Development of advanced methods for examination of Ag mineralogy and flotation losses

"The small recovery of Ag, often in the order of 50%, by traditional flotation and leaching process strategies is closely related to the complicated and heterogeneous nature of Ag-bearing minerals with Ag typically being associated with numerous minerals within any given ore-body. Moreover, grain sizes may be extremely fine with micron-scale common. In order to design cost-effective Ag-bearing mineral flotation and leach recovery strategies it is firstly necessary to characterise the speciation of Ag and its correlation with other elements, e.g., Cu, As and Sb, within the ore matrix and process streams. The traditional QEM-SCAN analytical approach can prove problematic for some mineralogies due to difficulties in recognising degrees of crystallinity, polymorphs, complex solid solution series, high value trace element mineralogy, very fine grained materials; and the requirement for a comprehensive data base. Moreover, there is difficulty ‘seeing’ either surface films or surface contaminants which can both lead to poor flotation performance. There is therefore clearly a need to develop confirmatory and complementary approaches when these uncertainties arise. Synchrotron X-ray microprobe analysis provides a powerful tool for the mineralogical characterisation of finely segregated heterogeneous Ag-containing materials. These measurements enable comprehensive characterisation of the Ag-bearing components using synchrotron microprobe X-ray fluorescence mapping (µ-XFM), X-ray diffraction (µ-XRD) and X-ray absorption spectroscopy (µ-XAS).

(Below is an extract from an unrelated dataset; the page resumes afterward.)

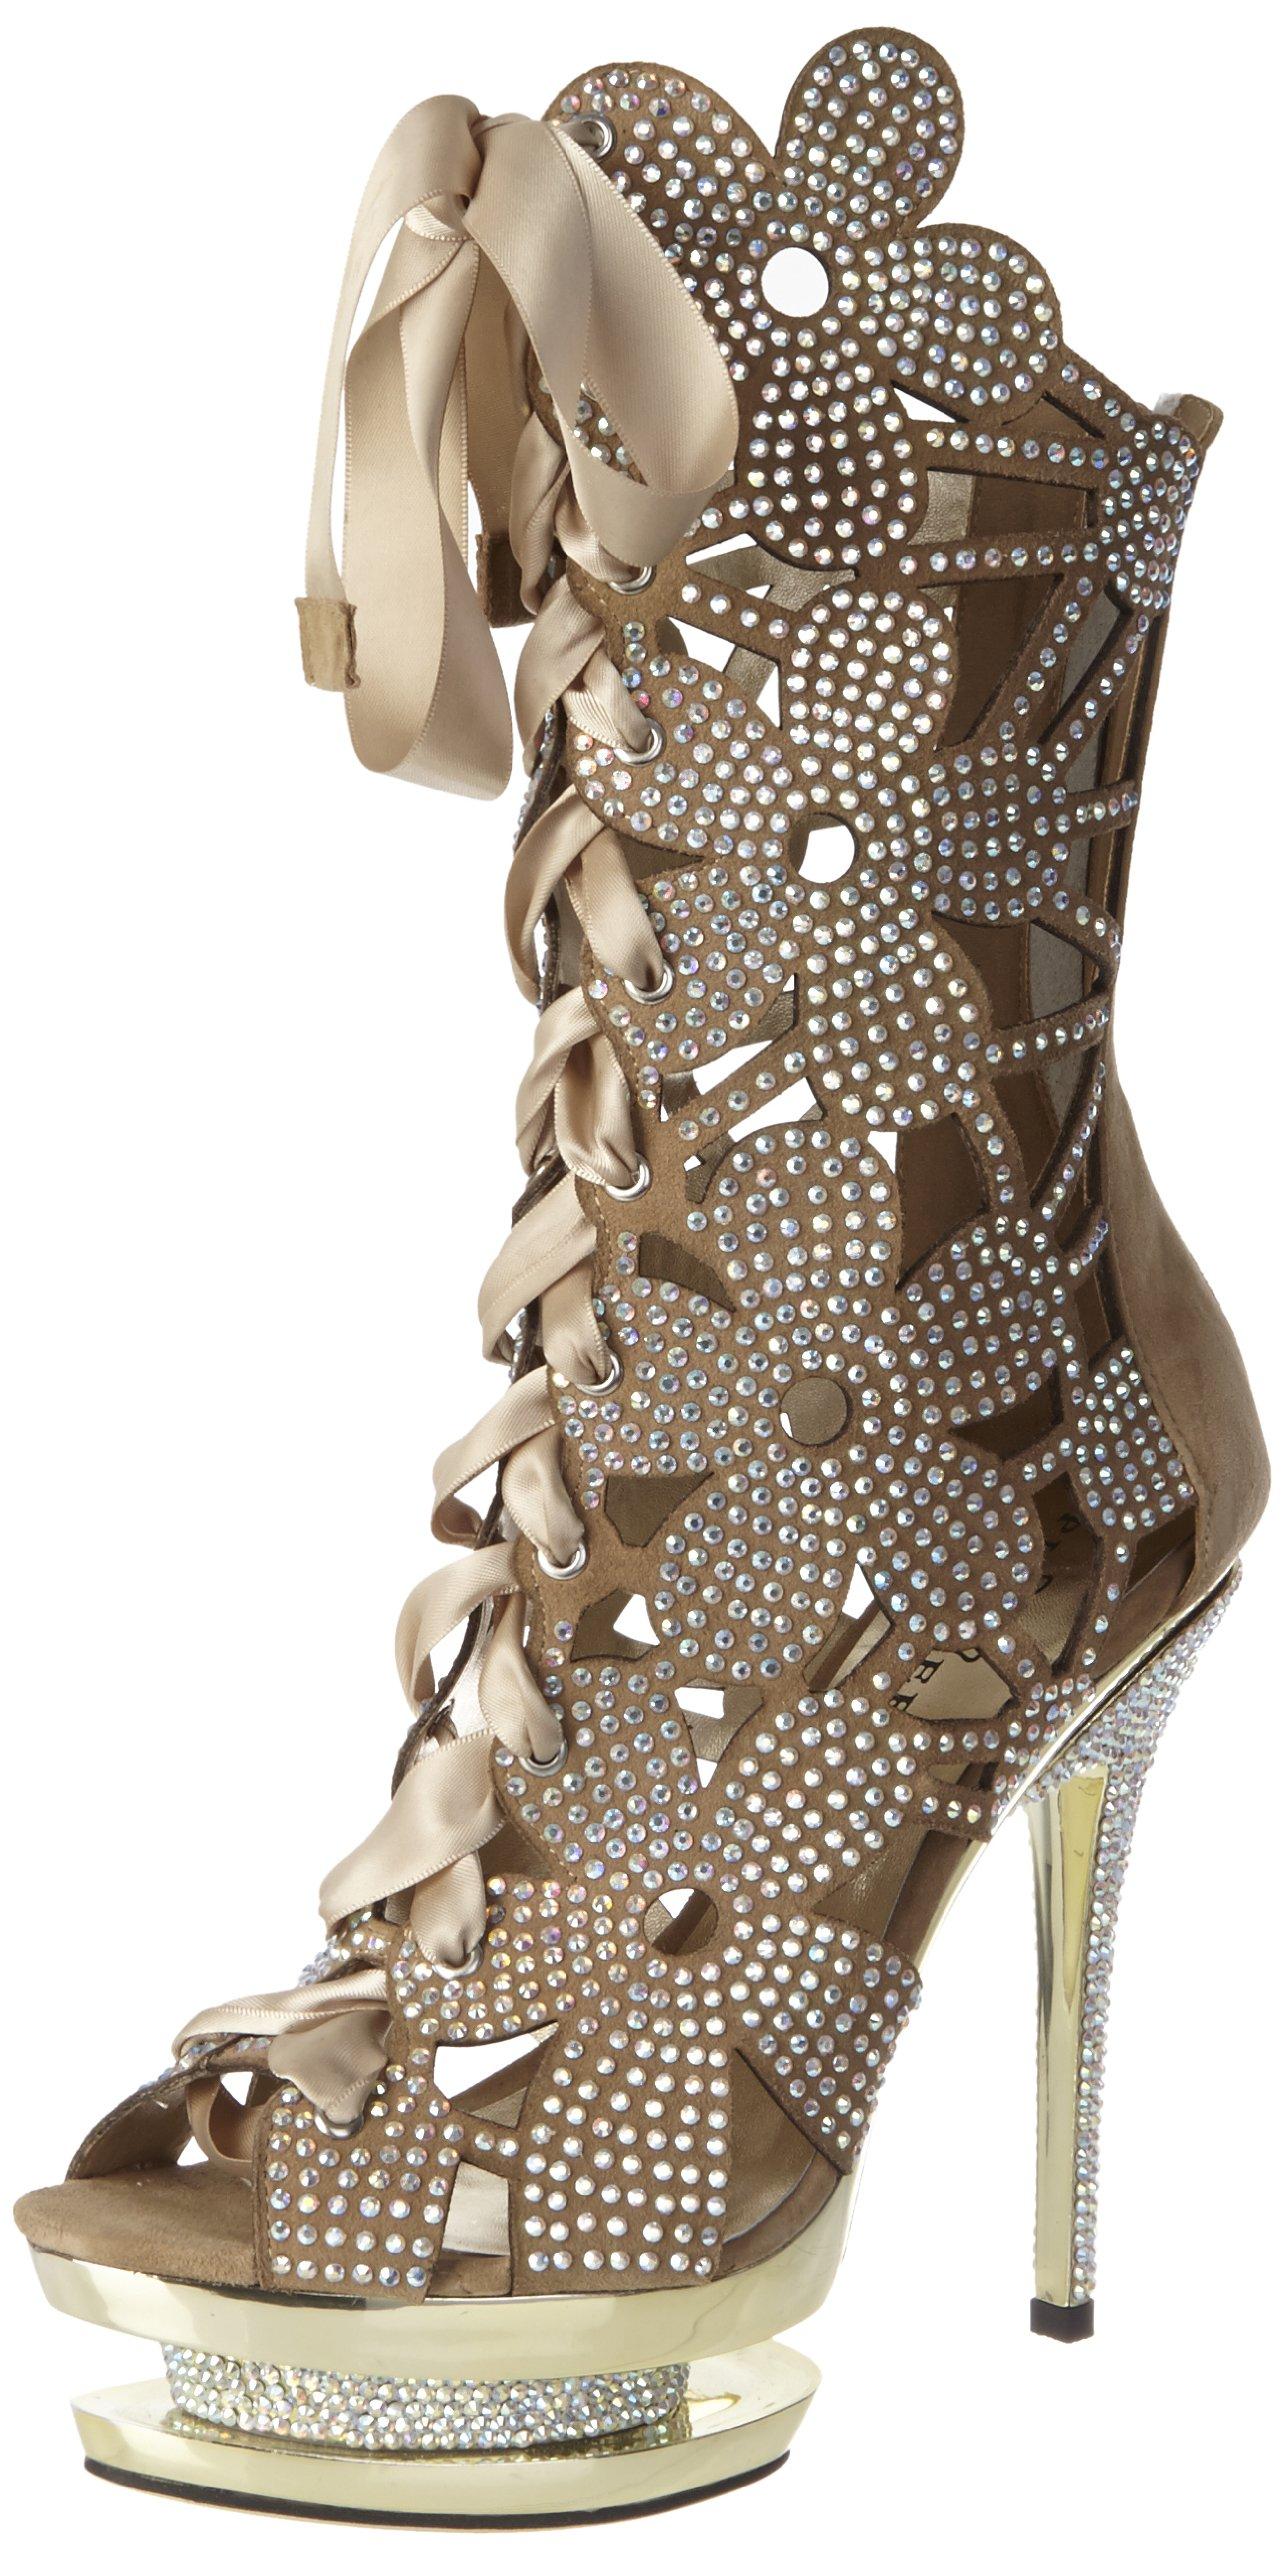 Pleaser Women's Fantasia-1020 Platform Sandal,Blush Suede/Gold Chrome,8 M US
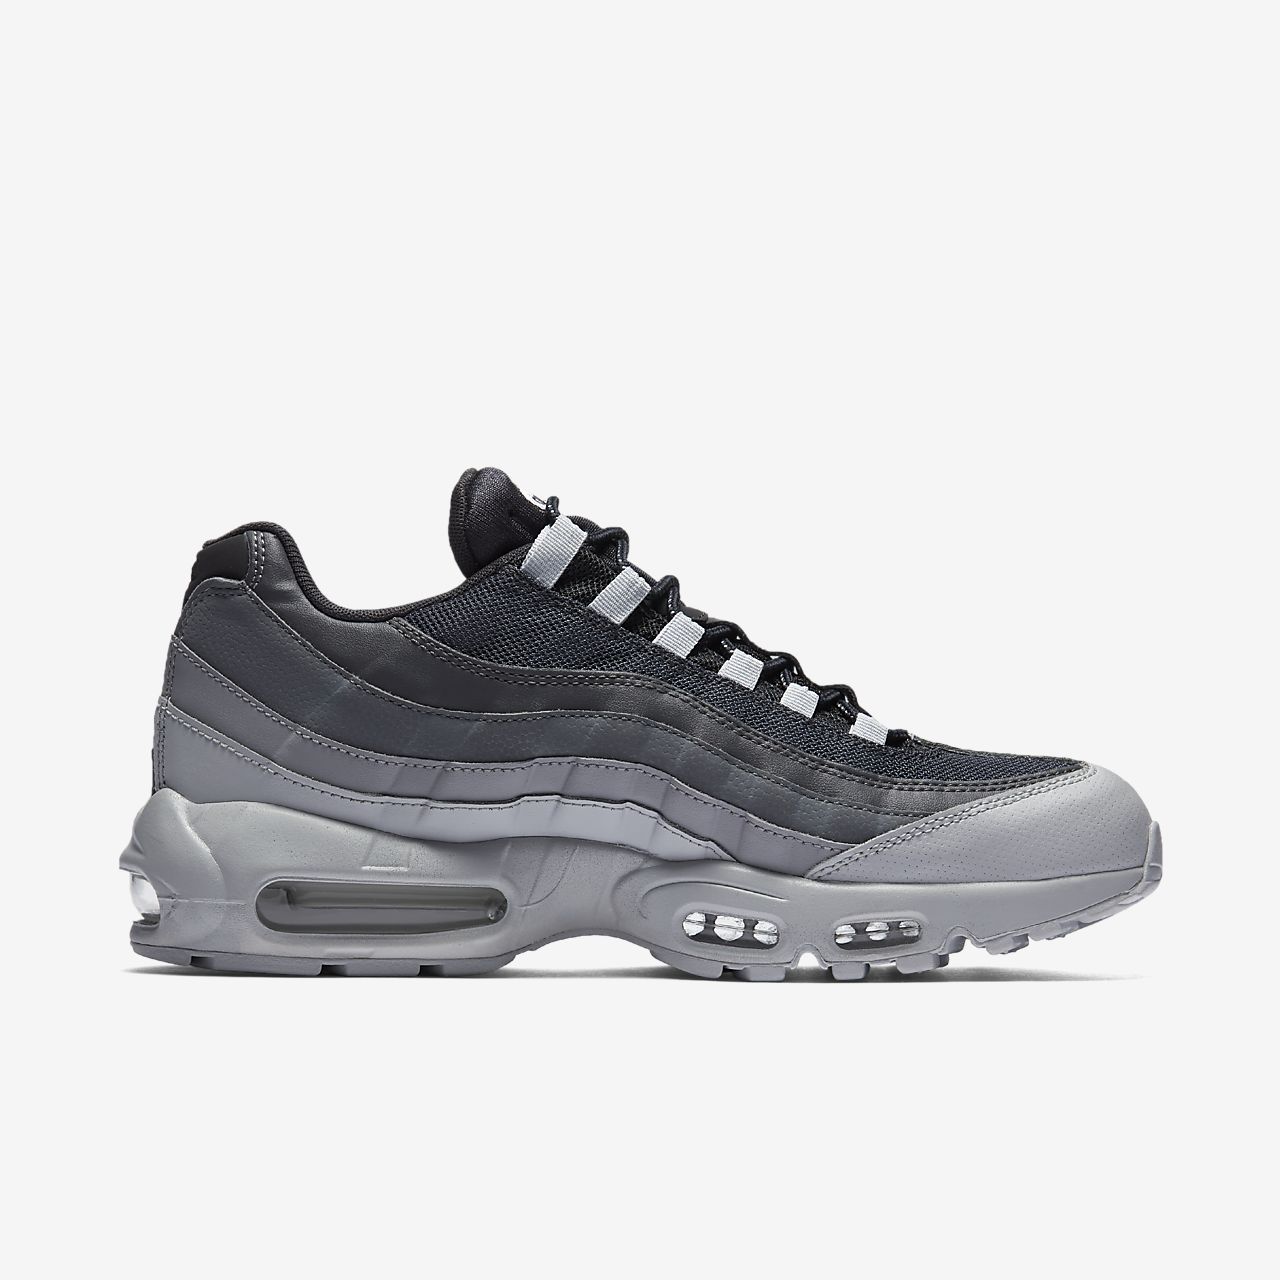 ... Nike Air Max 95 Essential Men's Shoe

Further analytical strength is provided by principal component analysis of laboratory ToF-SIMS data which enables the statistical identification of correlated surface species enabling examination of surface chemical characteristics responsible for mis-reporting of Ag containing components within flotation streams. We describe the application of these techniques to a selected Ag-containing feed and tail and demonstrate how these compliment and extend traditional analytical methodologies."